State v. Roberge

642 S.W.2d 716, 1982 Tenn. LEXIS 439
CourtTennessee Supreme Court
DecidedDecember 6, 1982
StatusPublished
Cited by48 cases

This text of 642 S.W.2d 716 (State v. Roberge) is published on Counsel Stack Legal Research, covering Tennessee Supreme Court primary law. Counsel Stack provides free access to over 12 million legal documents including statutes, case law, regulations, and constitutions.

Bluebook
State v. Roberge, 642 S.W.2d 716, 1982 Tenn. LEXIS 439 (Tenn. 1982).

Opinion

OPINION

HARBISON, Justice.

Appellant was convicted of possession of a controlled substance for resale and was sentenced to serve seven to ten years in the penitentiary. 1 Some seventy-four pounds of peyote cactus buttons containing mescaline, a Schedule I drug, were found in a duffel bag in the trunk of an automobile in which appellant was riding when the vehicle was stopped by Highway Patrol officers on February 24, 1979. The only issue on appeal is whether the trial court erred in overruling appellant’s motion to suppress this evidence.
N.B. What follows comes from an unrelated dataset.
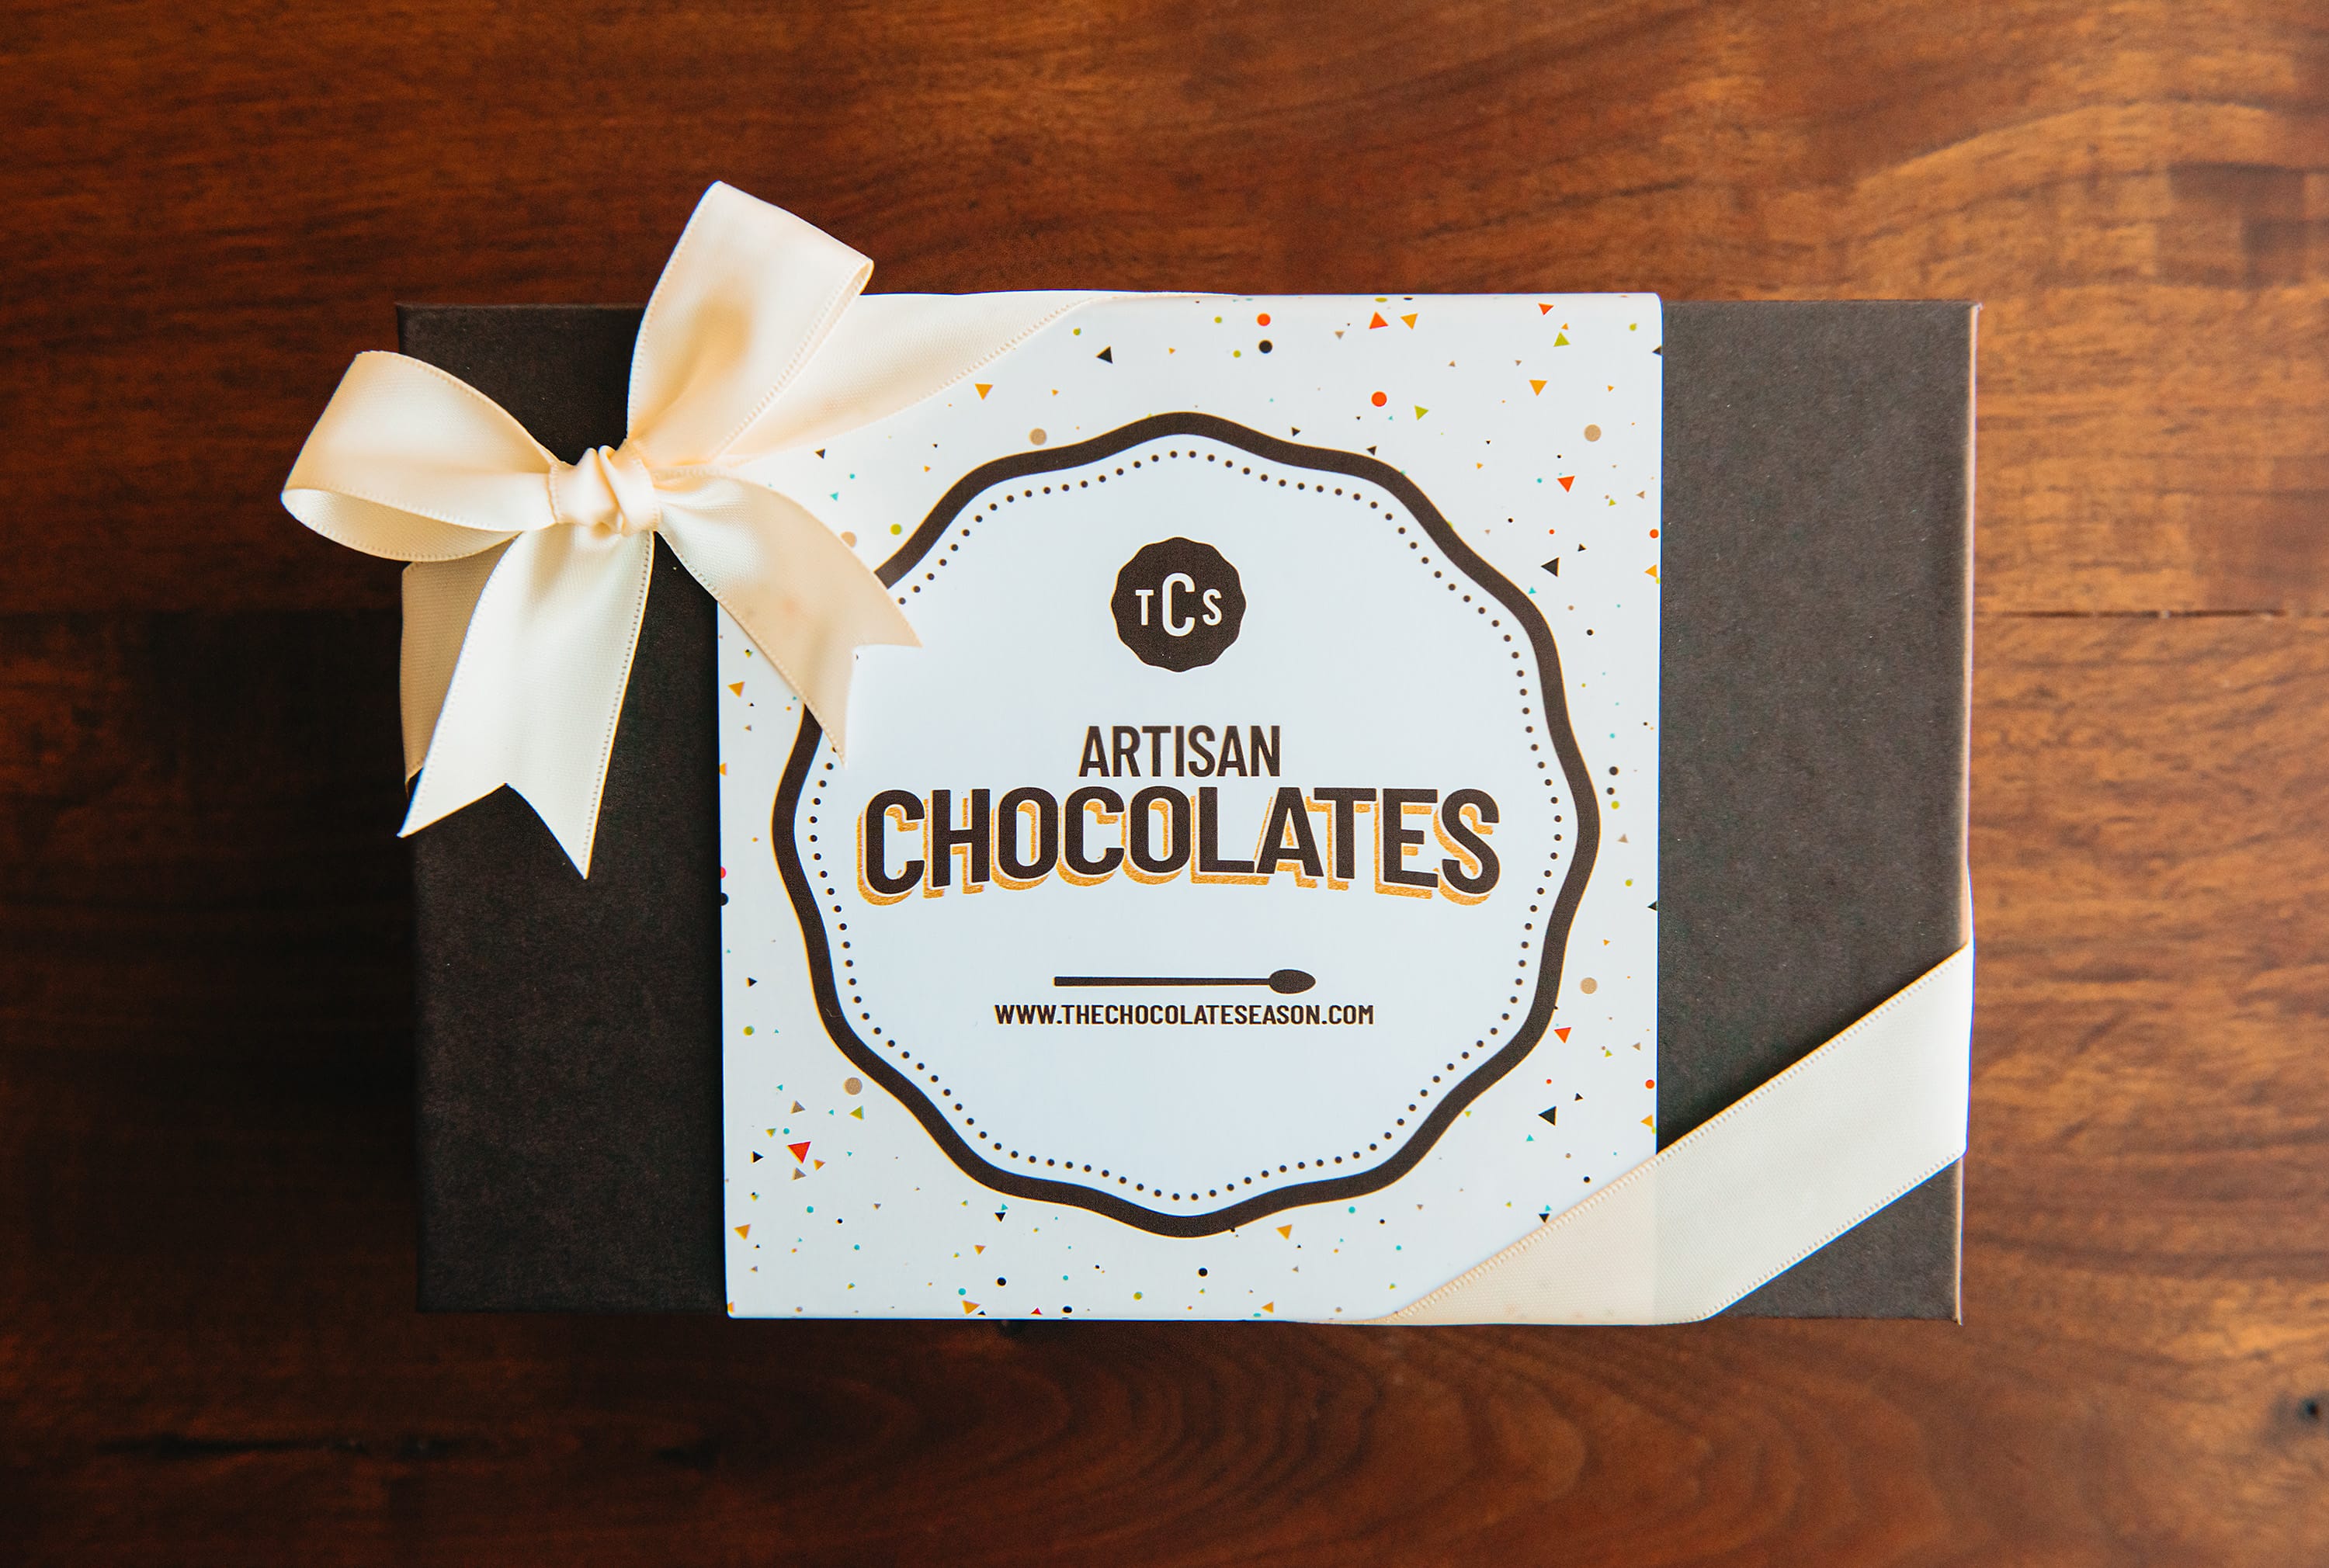 Valrhona 15 Piece Bonbons Chocolate Gift Box (Dark) – Bar & Cocoa

The Court of Criminal Appeals held that the officers had properly opened the trunk of the vehicle in order to inventory its contents. The majority held that the officers had properly opened the unlocked duffel bag in the course of making their inventory, but there was a dissenting opinion with respect to that issue. This Court granted review of the present case, along with several others, in order to consider the proper scope of an inventory procedure in connection with the impoundment of an automobile.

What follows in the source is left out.